To do justice to all nations; to seek it from them by peaceable means in preference to war; and to confide in this policy for avoiding that extremity; or securing the blessing of Heaven, when forced upon us, is the only course of which the United States can never have reason to repent.
[1 ]The letter is a rough draft and a blank is left in the original for the name of the person to whom it was sent. In the New York Public Library (Lenox) there is another draft, also in Madison’s hand, of the greater part of the letter. (See note 1, p. 244.) It is probable, therefore, that the letter was sent in substance to several of Madison’s correspondents.
[1 ]Hamilton. See the letters in Hamilton’s Works (Lodge), IV., 371.
[1 ]Among the Madison MSS. is a statement not in Madison’s hand, but doubtless written from a draft of his (dated August, 1795), relating to the treaty especially with reference to the British debts. It says that no law of any State passed since the treaty of 1783 had released the American debtor from any of his debts. Delays of payment and insolvencies had taken place. The treaty of 1794, however, settled that he was to bear the consequence of his own laches. Resolved into convenient shape the treaty of 1782 provided that the following things were to be done: (1) Great Britain was to acknowledge the absolute independence of the United States. This was the sine qua non of opening negotiations. (2) Hostilities were to cease on both sides. (3) Peace was to be an accomplished fact by the delivery to the United States of certain parts of the country then held by Great Britain. This stipulation had not been fulfilled by Great Britain. (4) In evacuating the posts the British forces were to abstain from certain descriptions of injurious acts, which had before taken place upon the evacuation of posts held by them for a time in America. This had not been carried out in the matter of the negroes whom the enemy carried with him when he evacuated. (5) When all of these things had been done, then, and not until then, were the British owners and late owners of certain descriptions of property to meet with no lawful impediment to the recovery of the same. (6) When these stipulations had been carried out, certain persons were to receive the benefit of Congressional recommendations for the recovery of claims against citizens of the United States. (7) There were certain other stipulations affecting national and local rights, such as those concerning the fisheries and the Mississippi, at present untouched.

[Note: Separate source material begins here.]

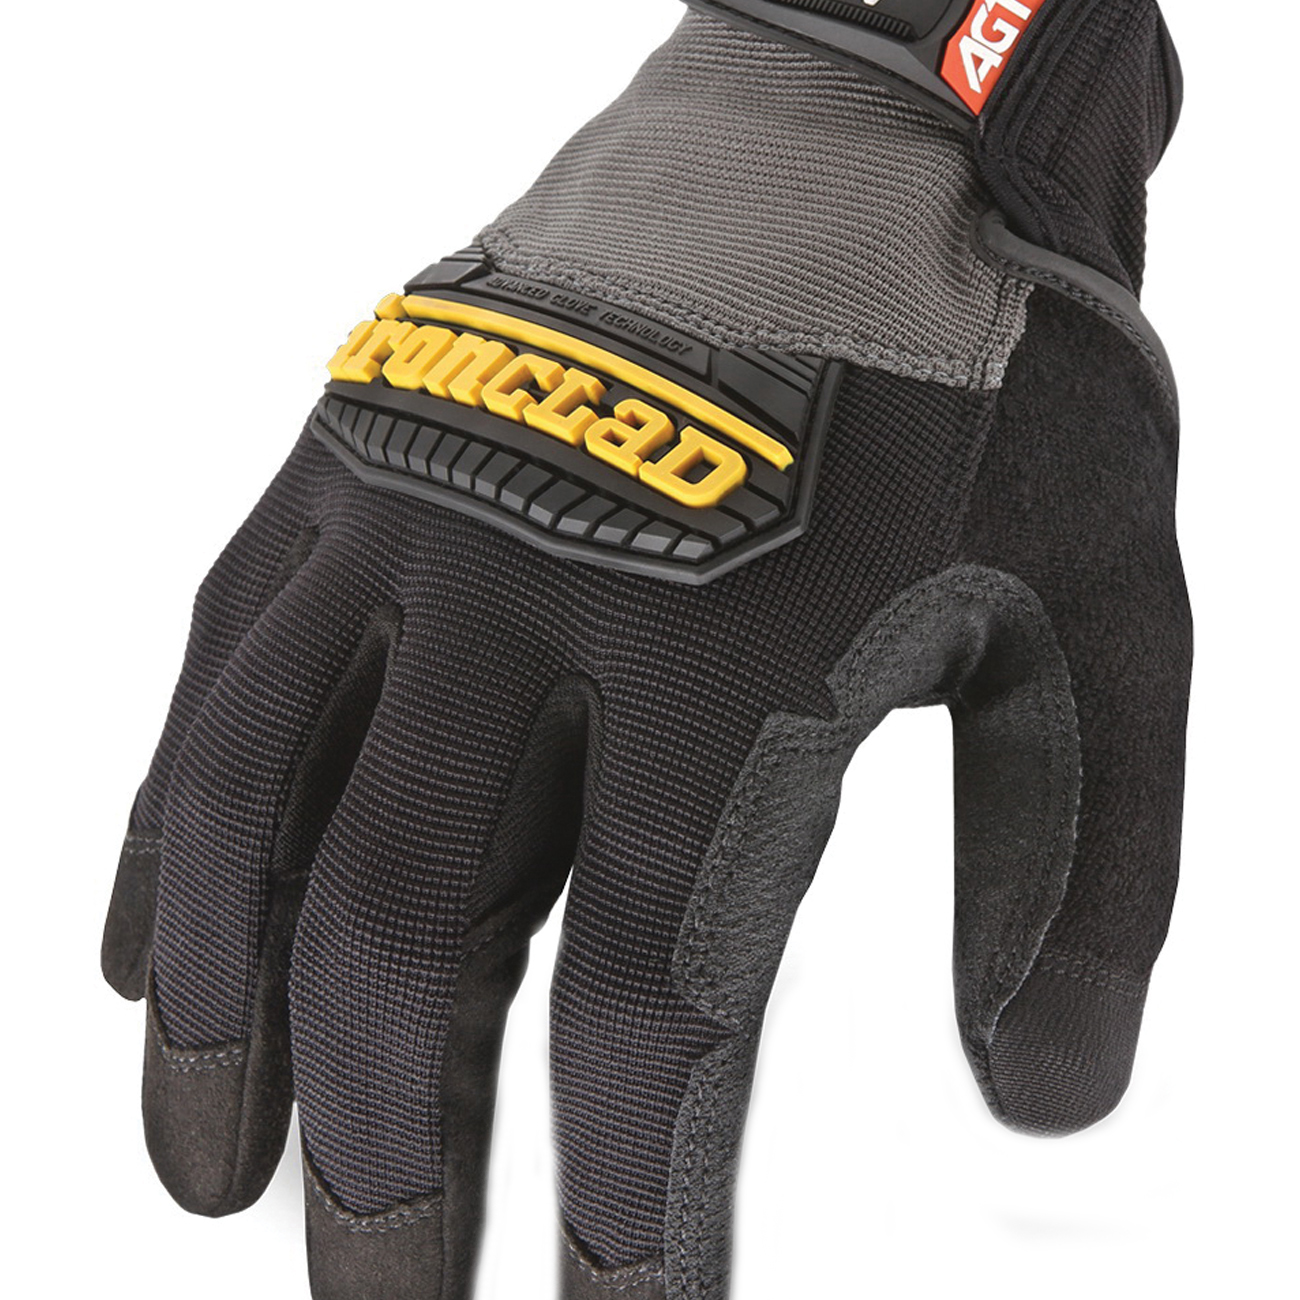 Ironclad HEAVY UTILITY HUG-03-M Gloves, Men's, M, Hook-and-Loop Cuff, Leather/Spandex, Black/Gray - 1

[1 ]From this paragraph to the end, the MS. in the New York Public Library (Lenox) is the same, with a few variations indicated in these notes.
[2 ]In the Lenox MS. this sentence is added: “These equitable and reciprocal claims of the U. S. are not even allowed the chance of arbitration.”
[3 ]The Lenox MS. adds: “. . . if that article of the treaty shd be faithfully executed by G. Britain.”
[1 ]“See Ordinance regulating captures in 1781.”—Note in Madison’s hand.
[1 ]The Lenox MS. adds: “[See their act of 5 Octr. 1780.]”
[1 ]This sentence does not appear in the Lenox MS.